4  Pipes

4.1 Introduction

Use |> to emphasise a sequence of actions, rather than the object that the actions are being performed on.

The tidyverse has been designed to work particuarly well with the pipe, but you can use it with any code, particularly in conjunction with the _ placeholder.

strings |>
  str_replace("a", "b"),
  str_replace("x", "y")

strings |>
  gsub("a", "b", x = _) |>
  gsub("x", "y", x = _)

Avoid using the pipe when:

  • You need to manipulate more than one object at a time. Reserve pipes for a sequence of steps applied to one primary object.

  • There are meaningful intermediate objects that could be given informative names.

4.2 Whitespace

|> should always have a space before it, and should usually be followed by a new line. After the first step, each line should be indented by two spaces. This structure makes it easier to add new steps (or rearrange existing steps) and harder to overlook a step.

# Good
iris |>
  summarize(across(where(is.numeric), mean), .by = Species) |>
  pivot_longer(-Species, names_to = "measure", values_to = "value") |>
  arrange(value)

# Bad
iris |> summarize(across(where(is.numeric), mean), .by = Species) |>
pivot_longer(-Species, names_to = "measure", values_to = "value") |>
arrange(value)

4.3 Long lines

If the arguments to a function don’t all fit on one line, put each argument on its own line and indent:

# Good
iris |>
  summarise(
    Sepal.Length = mean(Sepal.Length),
    Sepal.Width = mean(Sepal.Width),
    .by = Species
  )

# Bad
iris |>
  summarise(Sepal.Length = mean(Sepal.Length), Sepal.Width = mean(Sepal.Width), .by = Species)

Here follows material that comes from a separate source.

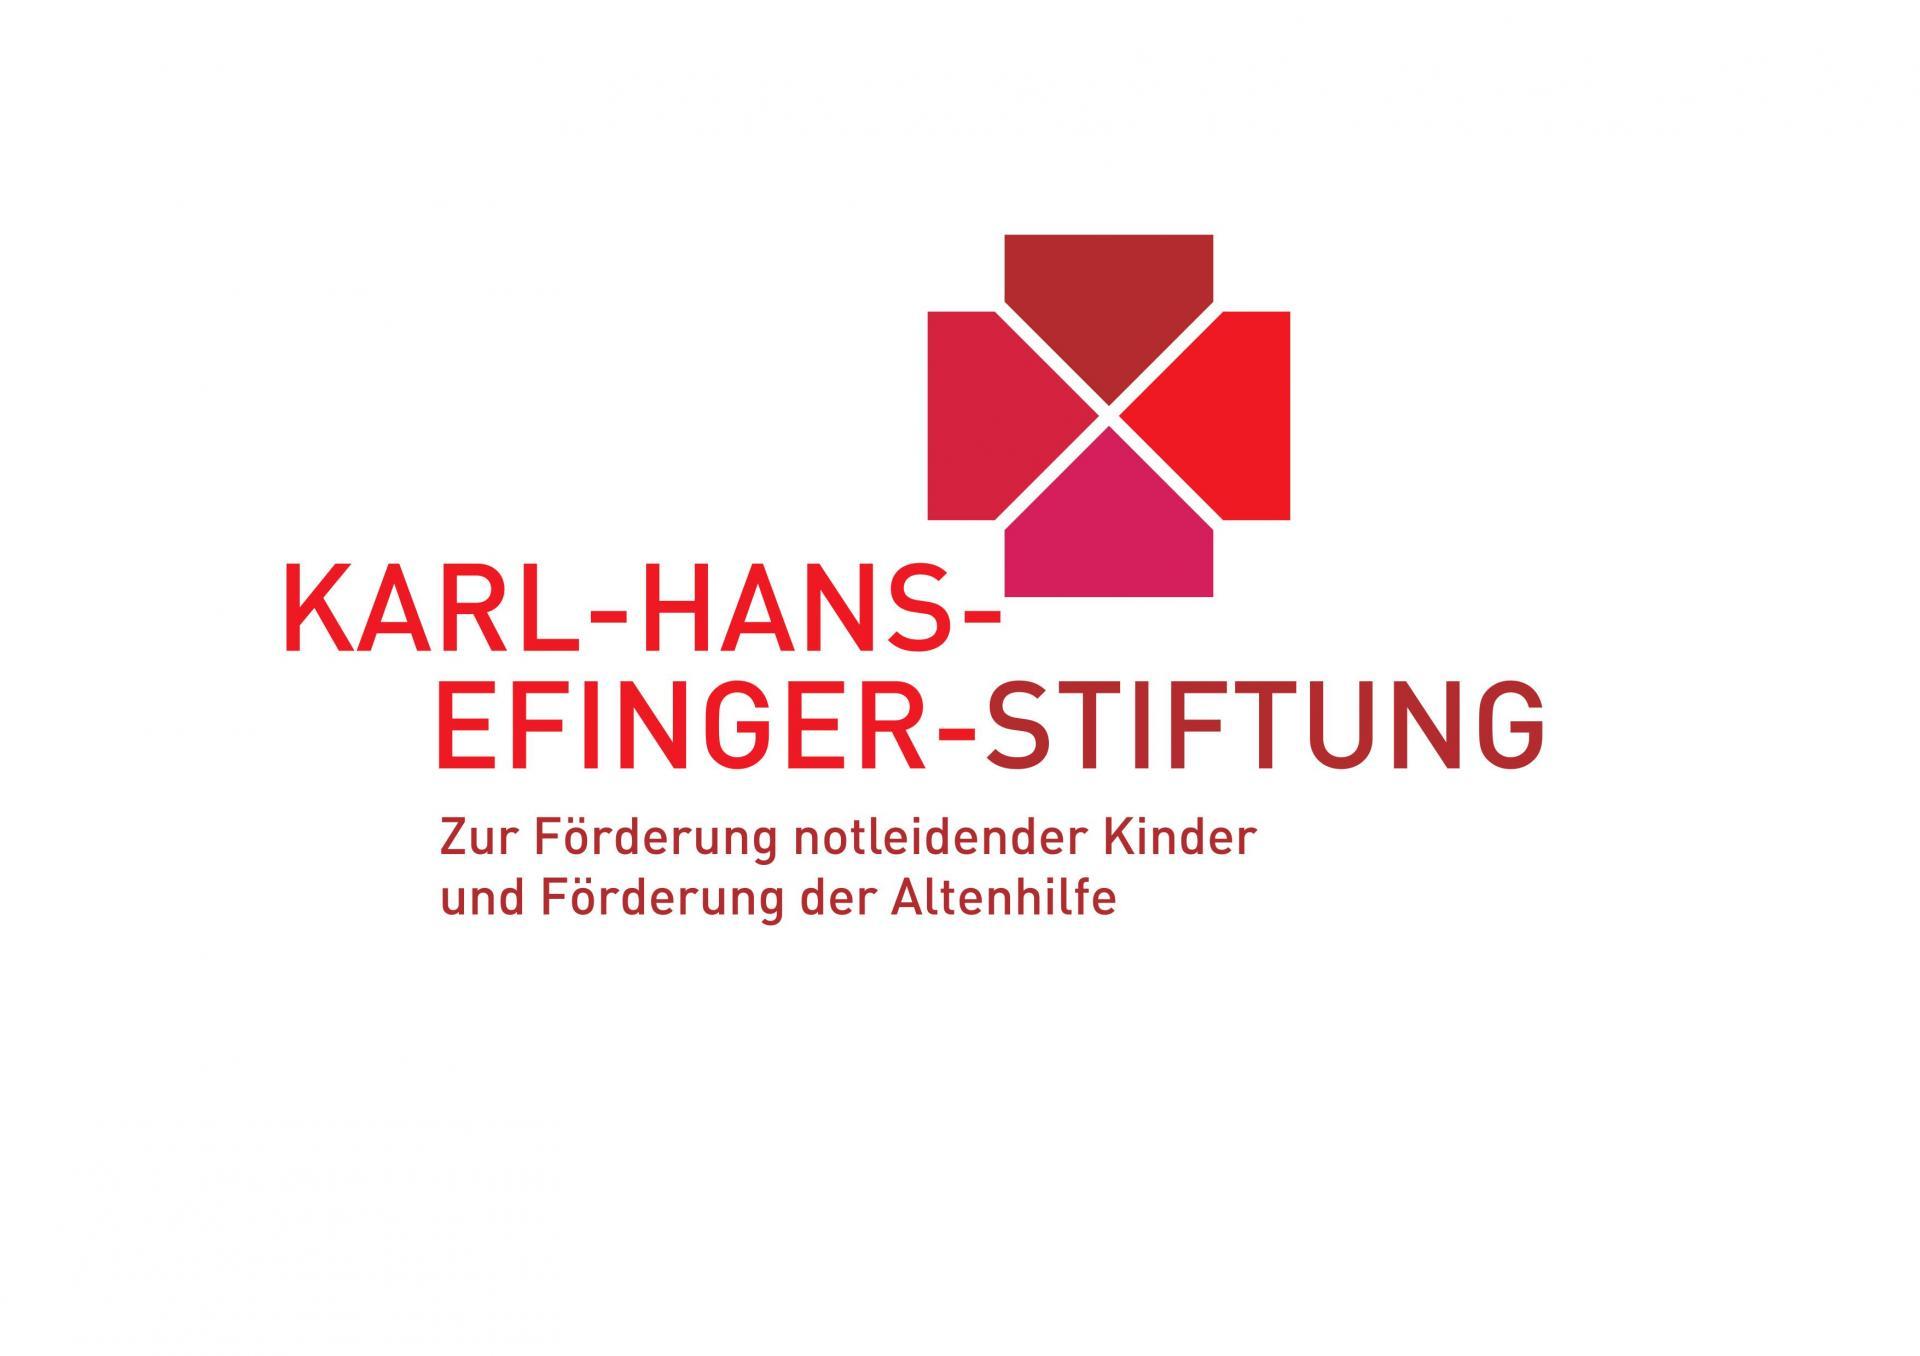 Karl-Hans-Efinger-Stiftung

For data analysis, we recommend using the pipe whenever a function needs to span multiple lines, even if it’s only a single step.

# Bad
summarise(
  iris,
  Sepal.Length = mean(Sepal.Length),
  Sepal.Width = mean(Sepal.Width),
  .by = Species
)

4.4 Short pipes

It’s ok to write a short pipe on a single line:

# Ok
iris |> subset(Species == "virginica") |> _$Sepal.Length
iris |> summarise(width = Sepal.Width, .by = Species) |> arrange(width)

But because short pipes often become longer pipes, we recommend that you generally stick to one function per line:

# Better
iris |>
  subset(Species == "virginica") |>
  _$Sepal.Length

iris |>
  summarise(width = Sepal.Width, .by = Species) |>
  arrange(width)

Sometimes it’s useful to include a short pipe as an argument to a function in a longer pipe. Carefully consider whether the code is more readable with a short inline pipe (which doesn’t require a lookup elsewhere) or if it’s better to move the code outside the pipe and give it an evocative name.

# Good
x |>
  semi_join(y |> filter(is_valid))

# Ok
x |>
  select(a, b, w) |>
  left_join(y |> select(a, b, v), join_by(a, b))

# Better
x_join <- x |> select(a, b, w)
y_join <- y |> select(a, b, v)
left_join(x_join, y_join, join_by(a, b))

4.5 Assignment

There are three acceptable forms of assignment:

  • Variable name and assignment on separate lines:

    iris_long <-
      iris |>
      gather(measure, value, -Species) |>
      arrange(-value)
  • Variable name and assignment on the same line:

    iris_long <- iris |>
      gather(measure, value, -Species) |>
      arrange(-value)
  • Assignment at the end of the pipe with ->:

    iris |>
      gather(measure, value, -Species) |>
      arrange(-value) ->
      iris_long

I think that the third is the most natural to write, but makes reading a little harder: when the name comes first, it can act as a heading to remind you of the purpose of the pipe.

4.6 magrittr

We recommend you use the base |> pipe instead of magrittr’s %>%.

# Good
iris |>
  summarise(width = Sepal.Width, .by = Species) |>
  arrange(width)

# Bad
iris %>%
  summarise(width = Sepal.Width, .by = Species) %>%
  arrange(width)

As of R 4.3.0, the base pipe provides all the features from magrittr that we recommend using.